The draft treaty also fails in becoming a robust transparency mechanism, as the provisions on reporting and record-keeping no longer require records to be made public. Records are stipulated to include export authorizations or actual exports of arms and, “where feasible,” details of imports, transit, and transshipments of arms. According to the current draft, the reports on exports must be submitted annually to an ATT secretariat, but this is not enough. These records must also be made public, as was provided for in earlier drafts.

The treaty’s “enforcement” mechanisms are still weak. Enforcement in international treaties generally does not refer to national measures. If the term is to be used here it should also include measures for international enforcement mechanisms, such as an appropriate channel for states to challenge transfers that are made despite wide recognition of a substantial risk that it violates the treaty’s criteria or other provisions. If this paragraph is to refer to national enforcement the title should be changed and it should require states parties to criminalize breaches of national law associated with treaty implementation.

Other problems from earlier drafts still remain. The scope is too narrow and does not capture many of the weapon systems used to commit atrocities around the world. The references to the Geneva Conventions in article 3.3 are still too narrow. Furthermore, article 3.3 still only prohibits transfers when the weapons are “for the purpose of facilitating the commission of genocide, crimes against humanity, war crimes,” etc (emphasis added). This threshold for prohibiting transfers when faced with these crimes is much too high.

According to the International Committee on the Red Cross, “article 3(3) is very restrictive and is not an accurate reflection of international law. In order to effectively encapsulate existing law, the text would be strengthened by changing it to: A State Party shall not authorize a transfer of conventional arms within the scope of this Treaty if the transfer would facilitate the commission of genocide, crimes against humanity, war crimes, including grave breaches of the Geneva Conventions of Common Article 3 of the Geneva Conventions of 1949.

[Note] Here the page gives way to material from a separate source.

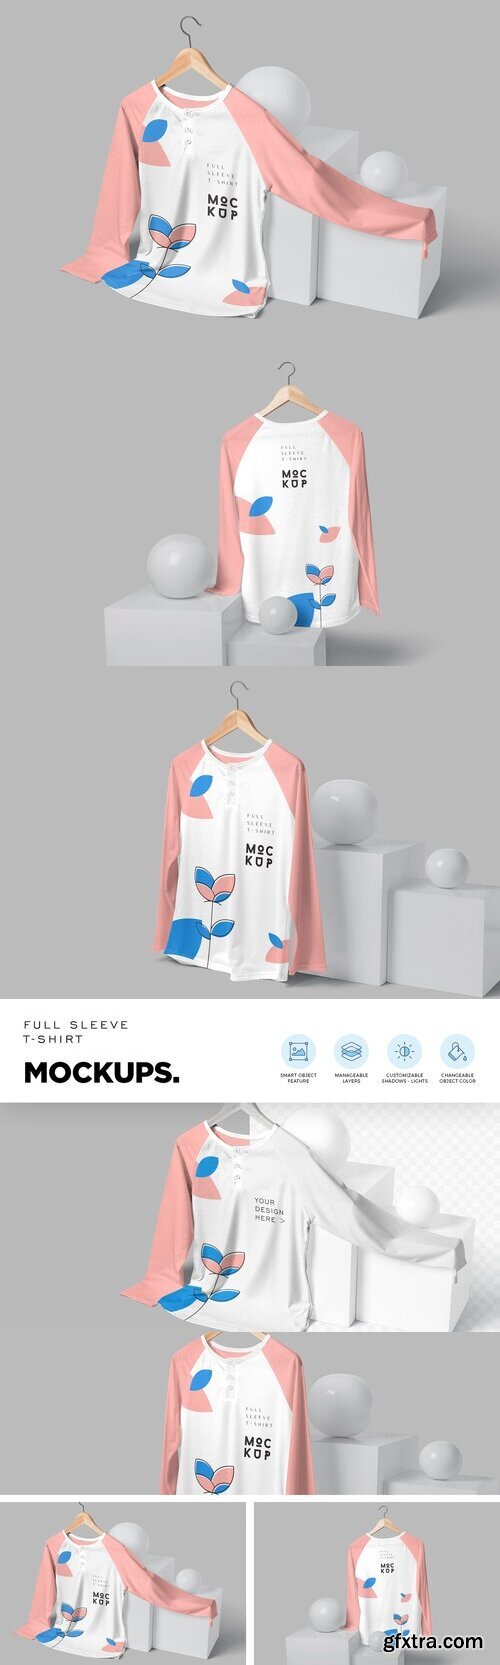 CreativeMarket - 3 Button Full Sleeve T-Shirt Mockups 6703765

There is still no provision for victims’ assistance or even reference to existing obligations in this regard. The draft text’s measures on regulating arms brokers are likewise insufficient, though a slight improvement notes that registration or authorization of brokers “may” be required. The activities covered in the treaty’s scope are still limited to those related to “trade,” which means that weapons that are transferred as gifts or loans or through military assistance programmes could be exempt from the regulations mandated by the treaty. Furthermore, the term export is often used when the term transfer should be used to avoid loopholes.

These are not all of the problems with the draft. There are many others that need to be addressed, some of which may only be revealed once states parties begin implementing the treaty. Of course, the stipulation that all amendments must be adopted by consensus (rather than also having the option to adopt them by a 2/3 majority, as was the case in the previous draft), provides for very little flexibility in using the amendment process as a means for improving the treaty.

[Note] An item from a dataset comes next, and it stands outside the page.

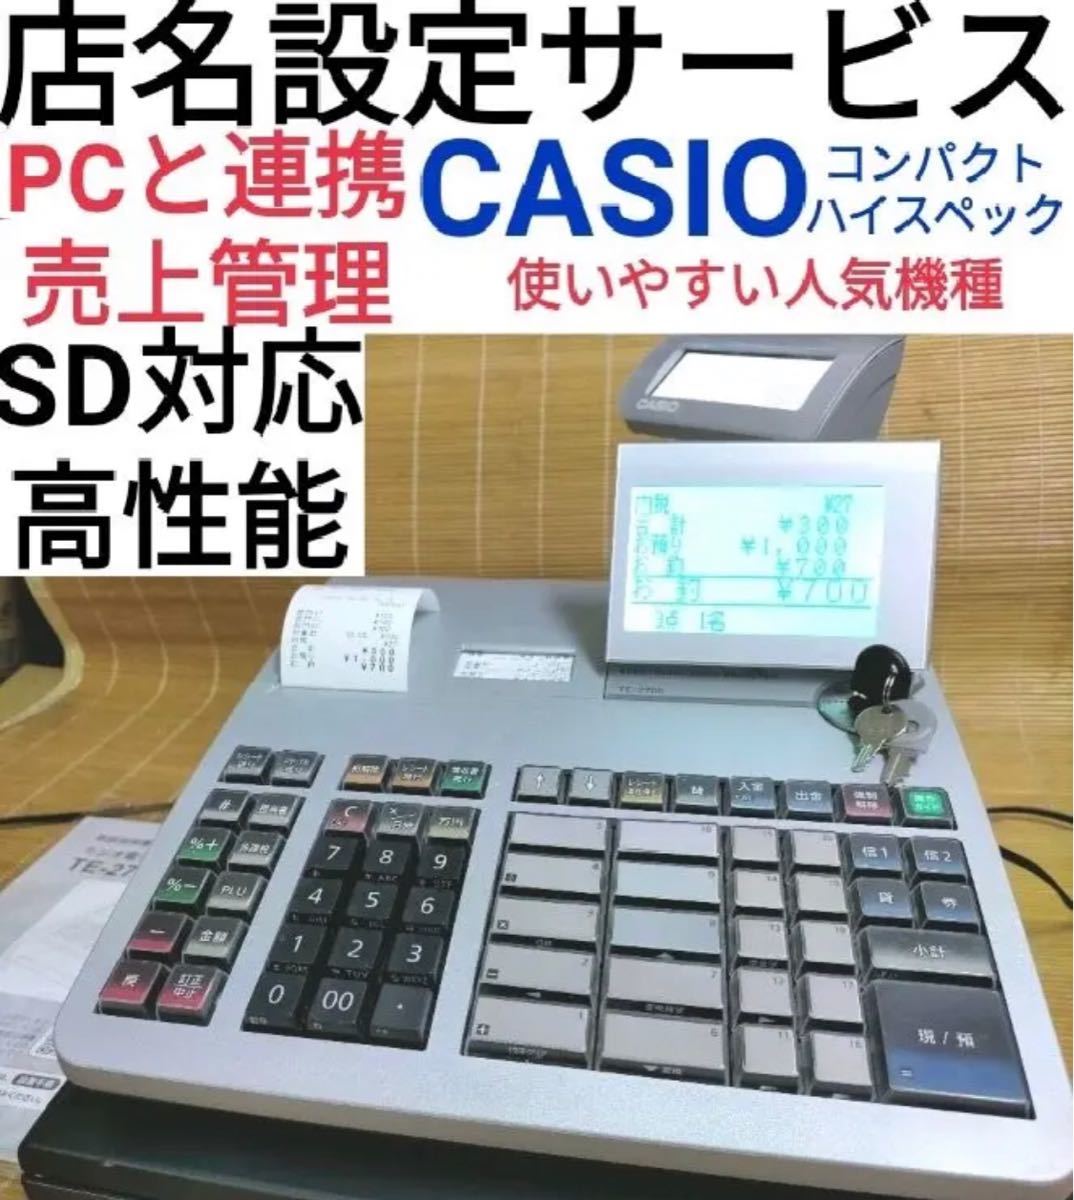 CASIO レジスター TE-2700 高性能 PC連携売上管理 n6124 - 店舗用品

That said, there are a few improvements to the draft. For example, point 5 in the principles section notes states parties must act in accordance with the “duty to respect and ensure respect for international humanitarian law and to respect and ensure human rights”. This paragraph is imperative as a guiding principle for implementation of this treaty.

Indeed, this treaty, if adopted, must be interpreted in the broader context of existing international law. The provisions of this treaty cannot be read in a way to legitimize and make legal actions that would otherwise be illegal. Furthermore, using this treaty to provide cover for irresponsible transfers is not acceptable. A treaty designed to regulate international transfers of arms must have as its core objective the protection of human life and dignity, not the protection of economic or political interests associated with the arms trade.